I’ve been hiding . . . and I’m tired.
I’m tired of shopping in plus size stores.
Tired of making love with the lights off.
Tired of staying out of the spotlight because I don’t want people looking at me.
Tired of looking around to see if I’m the biggest in the room, and celebrating when I’m not.
I’m just plain sick and tired of wearing this FAT SUIT!
I originally put it on because it made me feel safe. It protected me when those who should have didn’t. The scariest part of all is that sometimes it protected me from myself when I wasn’t strong enough or brave enough to say no.
But that is all behind me now, and I’m finally ready to love myself and take care of ME in the way I deserve. I can do this because, for the very first time, I feel SAFE. This is mostly due to my amazing husband. He is my soft place to fall, and I know that he will never hurt me. His love makes me feel safe to uncover who I really am and stop hiding.
I’ve dieted on and off pretty much my whole adult life. So why will this time be different? Because I’ve been working on the INSIDE, and I know what purposes the extra weight has served in my life. Those issues are finally behind me, so this will be the last time I make the decision to begin once again.
Find Your Why
I use a tool that helps me when I’m trying to narrow down my feelings or get to the root cause of a problem. It’s called the FIVE WHYS. Here’s an example:
Question 1: Why do I want to lose weight?

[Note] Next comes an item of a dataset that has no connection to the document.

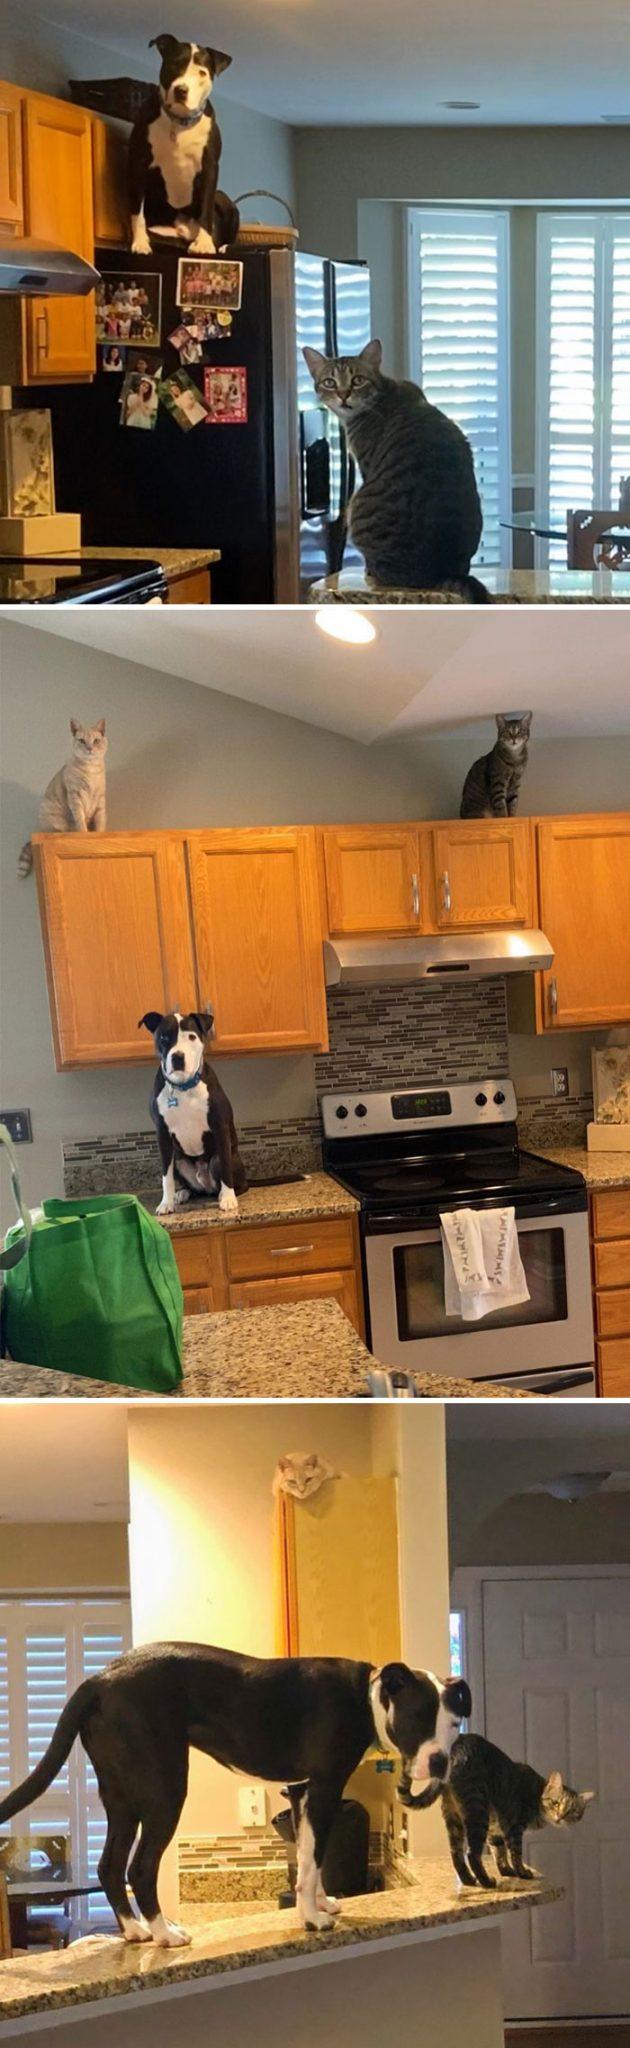 собака и коты в кухне на столе

Answer: Because I want to look better.
Question 2: Why do I want to look better?
Answer: I want to feel better about myself and be more confident.
Question 3: Why do I want to feel better about myself and be more confident?
Answer: I think people will like me more.
Question 4: Why does it matter if people like you?
Answer: Because if other people don’t like me, then I don’t like myself.
Question 5: Why don’t you like yourself?
Answer: Because I’m ashamed of things that have happened in the past.
Interesting, huh? So essentially, I’m wearing 100 pounds of shame . . . and it’s heavy! I’m not naive enough to believe that losing weight is going to solve all my problems. But the fact that I’m finally ready is a good indicator that all the work I’ve been doing on the INSIDE is ready to manifest itself on the outside.
And just to be clear, I’m not going on some crazy diet. I’m creating a new life style for myself with the end goal of health and happiness. I’m expecting weight loss as a result, but I don’t care how long it takes. I know it won’t be easy, but I’m determined to make it work this time.